Sie waren an die richtige Person geraten – wenn sich jemand in der Branche auskennt, dann ist es Mr. James Scully. Als Casting Director mit über 30 Jahren Branchenerfahrung zählt James Stella McCartney und Tom Ford zu seinen engsten Kunden und verfügt über Zeitschriftenerfahrung bei Publikationen wie Harper’s Bazaar. Und dank eines einzigen Instagram-Posts, in dem James eine Wahrheit sagte, die andere in der Branche nicht wagen würden, wurden seine DMs mit Geschichten von Models überflutet, die sich an Erfahrungen mit Missbrauch – verbal, sexuell und anderweitig – durch die Modebranche erinnerten und diese detailliert beschrieben Fettgedruckte Namen. Für viele Models, die immer noch auf der Karriereleiter standen und daher aus Angst vor Vergeltung zu ängstlich waren, sich zu äußern, wurde James zu einem Sprachrohr in den Vorstandsetagen der großen Modehäuser. Inzwischen wurden immer mehr Stimmen laut. Modell Cameron Russells Instagram-Kampagne erzählte ihre eigene Geschichte und die Geschichten anderer Mädchen, die sich zu Missbrauch äußerten. Edie Campbell hat einen offenen Brief geschrieben WWD , in der Zeitschriften und Marken aufgefordert werden, die Zusammenarbeit mit beschuldigten Tätern einzustellen. Und die von Sara Ziff Modell Allianz fand neue Relevanz und Anerkennung in einer Branche, die zu lange ihren Zweck vernachlässigt hatte.

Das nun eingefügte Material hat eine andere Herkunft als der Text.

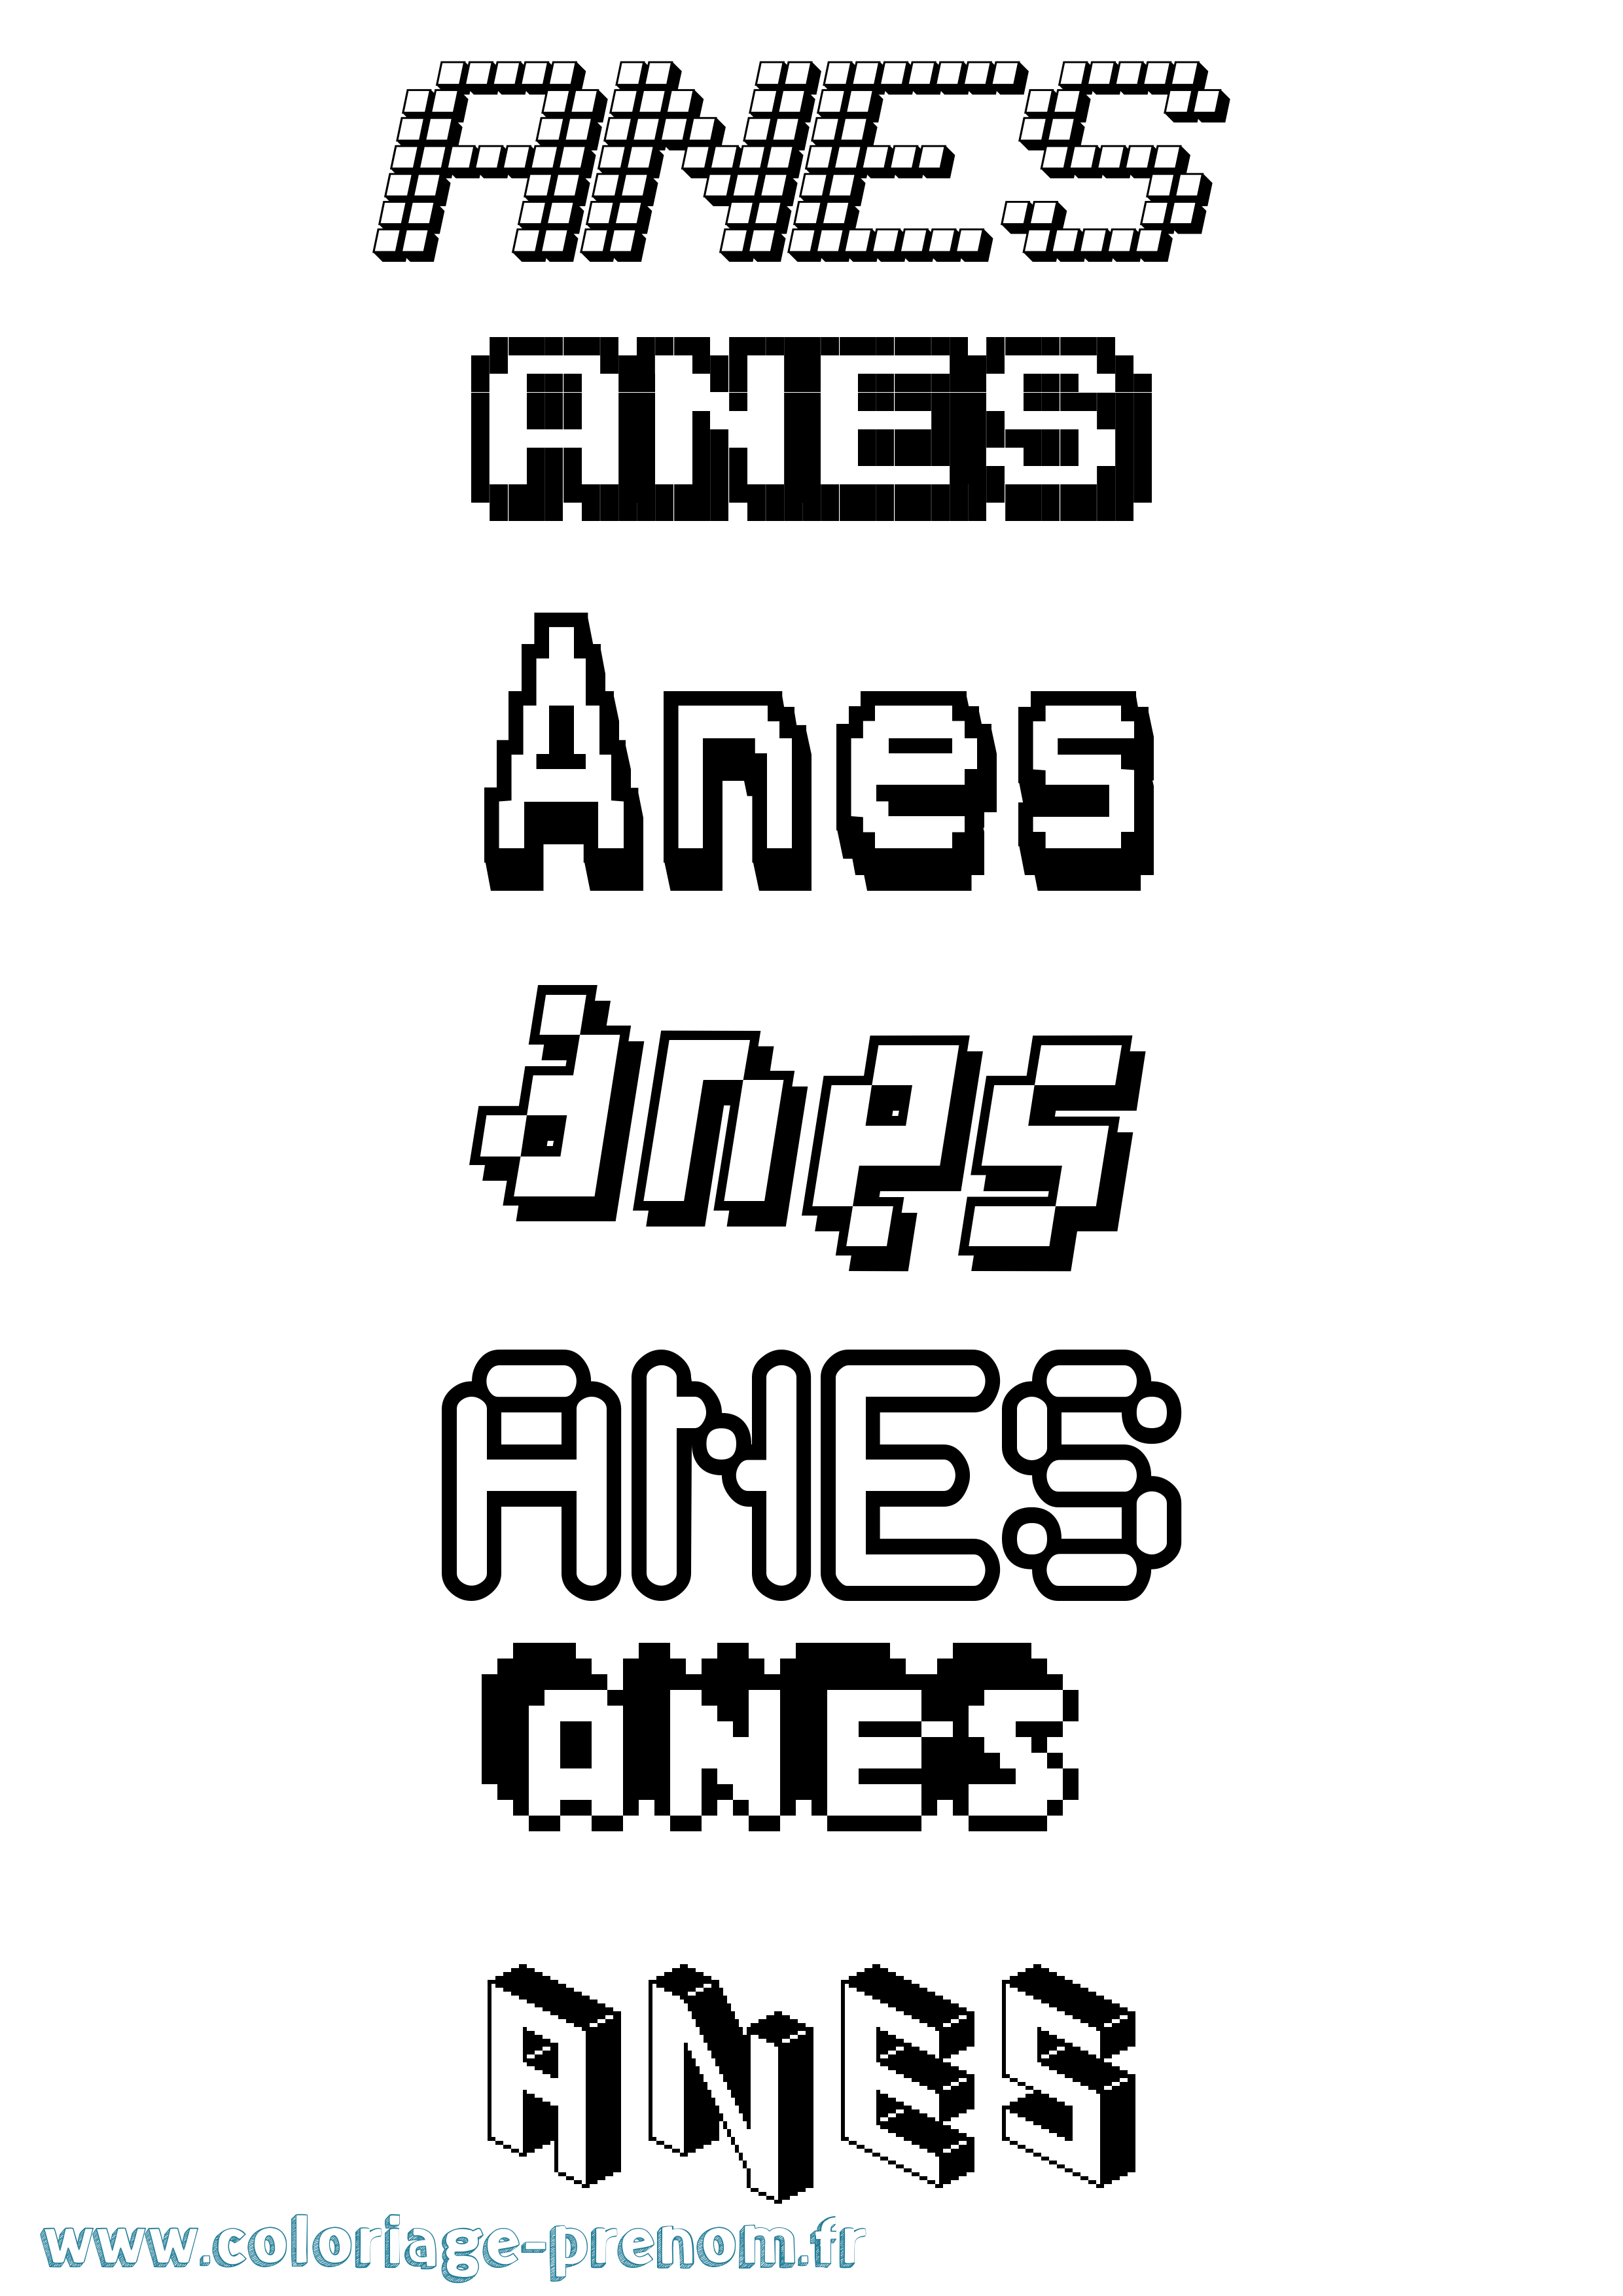 Coloriage prénom Anes Pixel

Als Teil der Arbeit von James kamen LVMH und Kering letztes Jahr in einem beispiellosen Schritt zusammen, um das zu unterzeichnen, was allgemein bekannt ist Die Modellcharta. Darin gibt es ein festgelegtes Mindestalter, medizinische Anforderungen und Richtlinien für Models zwischen 16 und 18 Jahren. Im Dezember trat Antoine Arnault, Mitglied des Vorstands von LVMH, zusammen mit James auf der Bühne auf Business of Fashion: Voices-Gipfel um die Initiative näher zu besprechen. Es gab Dinge, die ich nicht wusste oder nicht sehen wollte, gab er zu. Aber diese Dinge passierten jeden Tag, bei jeder Show, bei jedem Shooting. Jeden Tag passierte etwas, das wir lösen mussten.

Das letzte Wochenende, Die New York Times ihre veröffentlicht Untersuchung von Belästigungs- und Missbrauchsvorwürfen von männlichen Models gegen die legendären Modefotografen Bruce Weber und Mario Testino. Begleitend zum Stück waren neue Regeln, die von ihrer Muttergesellschaft Condé Nast angekündigt wurden , Models vor Belästigung schützen. Wir haben mit James über die Untersuchung gesprochen und was er als nächstes erwartet. Dieses Interview wurde für die Veröffentlichung bearbeitet und komprimiert.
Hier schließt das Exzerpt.